Lignin is a natural aromatic polymer composed of three phenylpropane structural units (p-hydroxyphenyl (H), guaiacyl (G) and syringal (S)) connected by various ether bonds and C-C bonds (Sadeghifar and Argyropoulos, 2015). As a compound rich in active functional groups, lignin can capture and neutralize free radicals and shows good antioxidant activity (Lu et al., 2022). In the present study, the in vitro antioxidant activity of lignin recovered from the DES-E pretreatment liquid was determined by DPPH method as described earlier (Sadeghifar et al., 2017). The DPPH radical scavenging rates of lignin extracted at different temperatures and water-soluble vitamin E were shown in Figure 7. In the range of 0–50 mg/L, with the increase of lignin concentration, the free radical scavenging capacity of recovered lignin and water-soluble vitamin E was enhanced, and the concentration of lignin is linearly correlated with the free radical scavenging rate (R ² ≥ 0.95). The IC₅₀ and antioxidant activity index (AAI) were shown in Table 7. IC₅₀ represents the concentration of antioxidant required to inhibit 50% free radicals under study. The lower IC₅₀ indicates the stronger antioxidant activity. The results showed that compared with vitamin E, the antioxidant activity of recovered lignin pretreated by DES-E was higher. More importantly, the IC50 of these lignin samples was lower than most of published studies (An et al., 2017; Yao et al., 2018b; Dong et al., 2020), indicating advantage of DES-E pretreatment in producing lignin with higher antioxidant activity.

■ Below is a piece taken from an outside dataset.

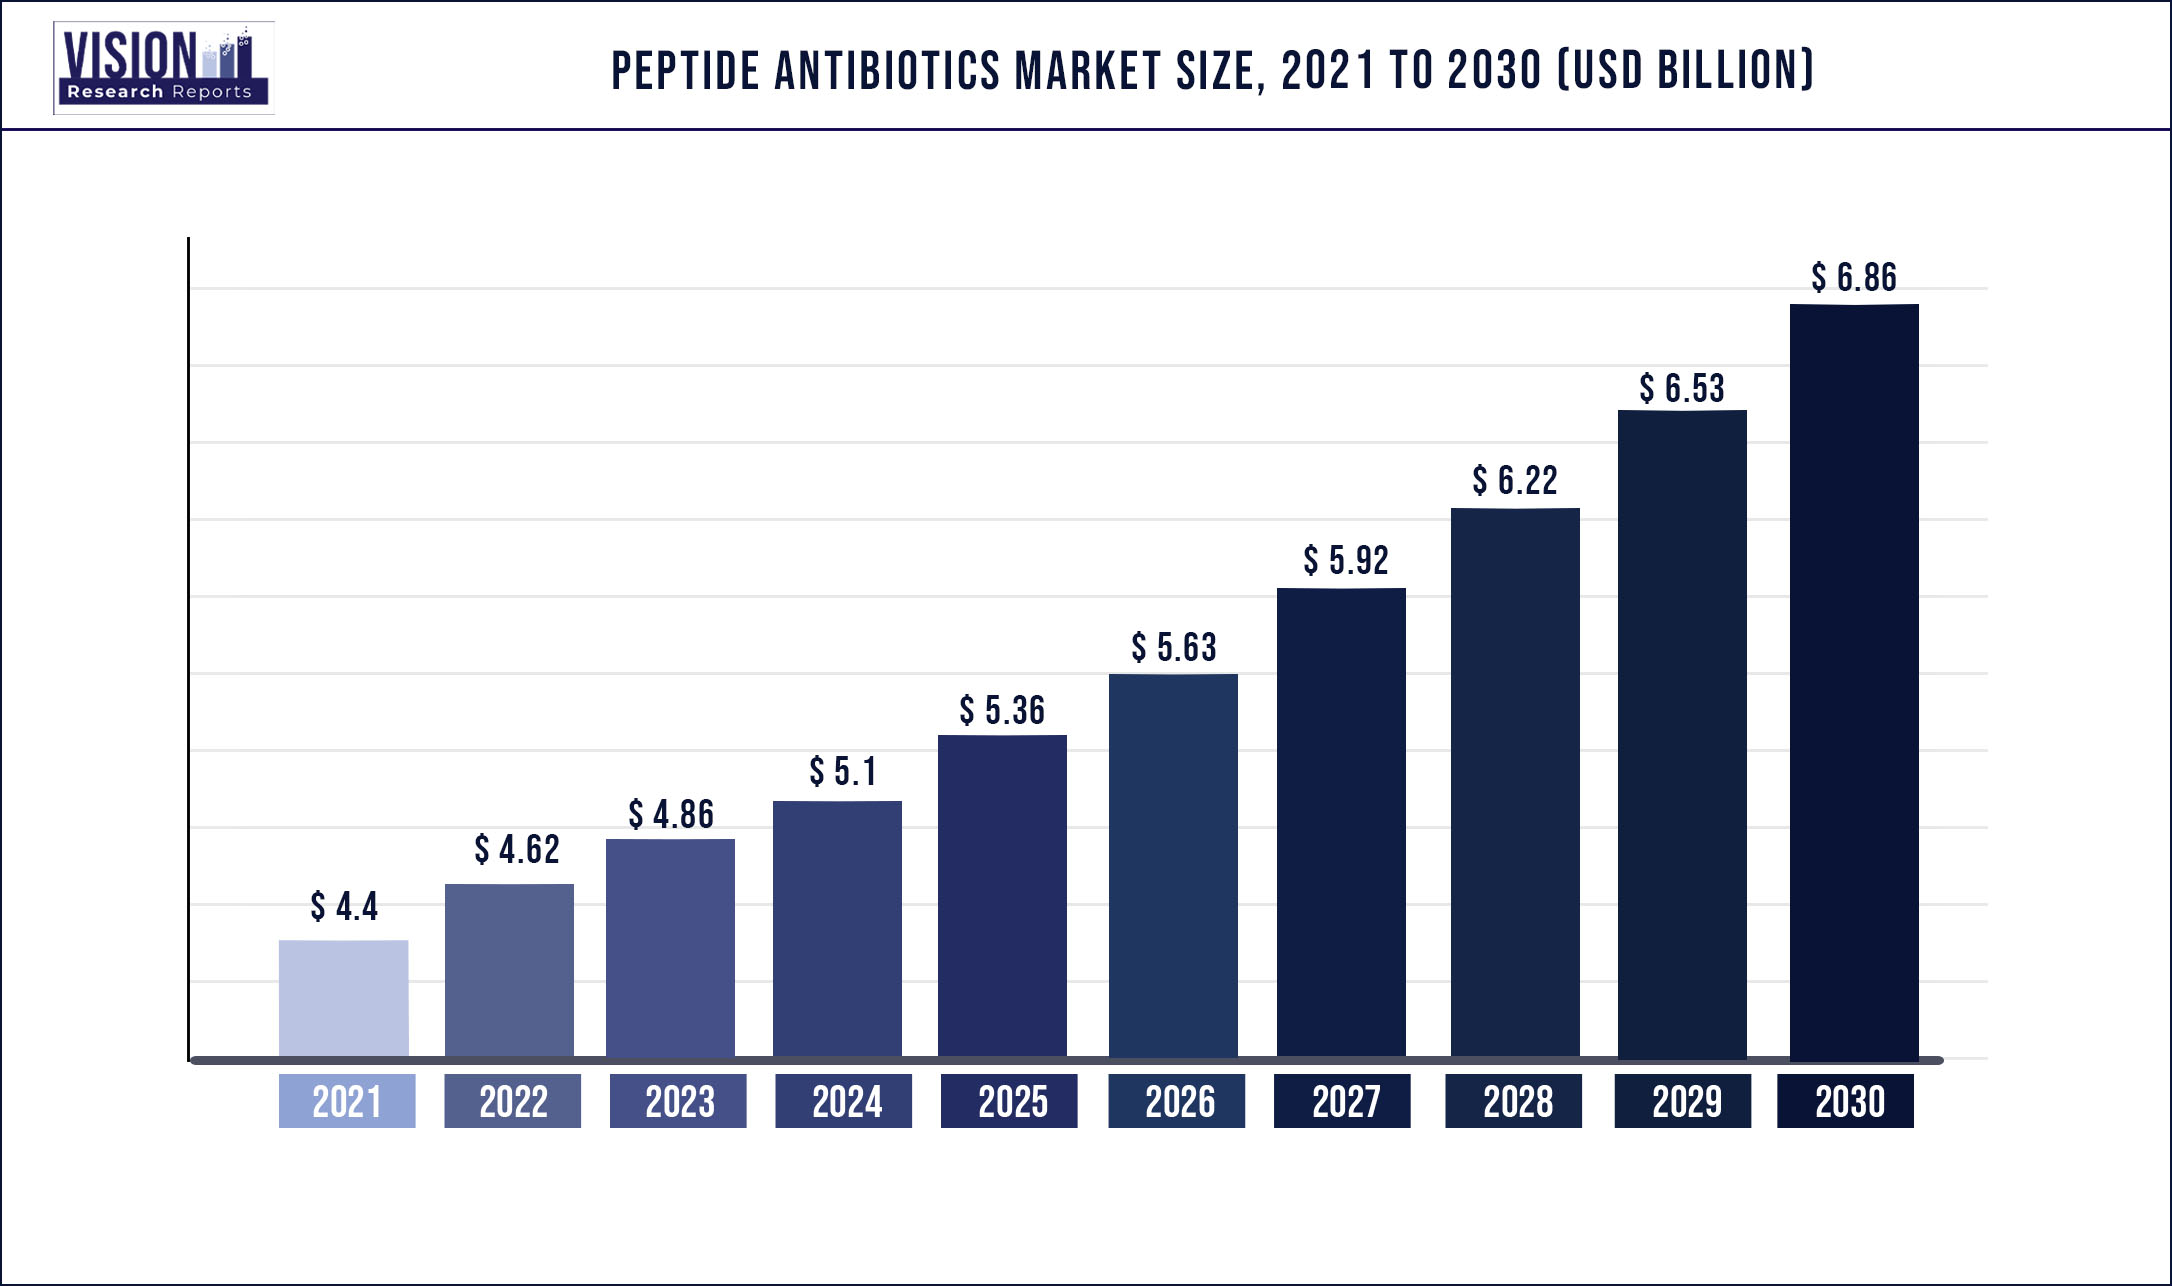 Peptide Antibiotics Market Size 2021 to 2030

With the increase of pretreatment temperature, the broken of ether linkage and C-C bond was increased (Li et al., 2022), and the content of phenolic hydroxyl group was increased, which favored the capture of free radicals by lignin. The antioxidant properties of industrial lignin from different sources was studied earlier, and it was found that the phenolic hydroxyl group content in lignin structure was positively correlated with AAI (y = 0.797x + 0.99, R ² = 0.978), and the phenolic hydroxyl in lignin played a crucial role in the antioxidant properties (Sadeghifar et al., 2017). The antioxidant activity of lignin sample is mainly from their ability to donate H and quench the free radical intermediate, which is primarily from free phenolic hydroxyl groups. That could explain the importance of the phenolic hydroxyl groups in the antioxidant capability of lignin sample. In another research, it was indicated that the carbonyl group in the side chain inhibited the free radical scavenging activity (Dizhbite et al., 2004). Combined with the FTIR analysis results, there was no obvious signal from C=O in recovered lignin at 160°C, which led to the improvement of its antioxidant capacity. Furthermore, the S/G of the three lignin samples were 1.52, 1.18 and 1.27, respectively, based on the FTIR analysis. It was indicated before that AL with a higher S/G ratio had stronger antioxidant activities (Gong et al., 2016), which was not observed in the present study. However, it was found that lignin with higher Mw and PDI showed higher antioxidant ability, which was contradictory with previous study (Yao et al., 2018b). It might due to limited data in this study. The impact of molecular weight and distribution of lignin on its antioxidant capacity needs further investigation.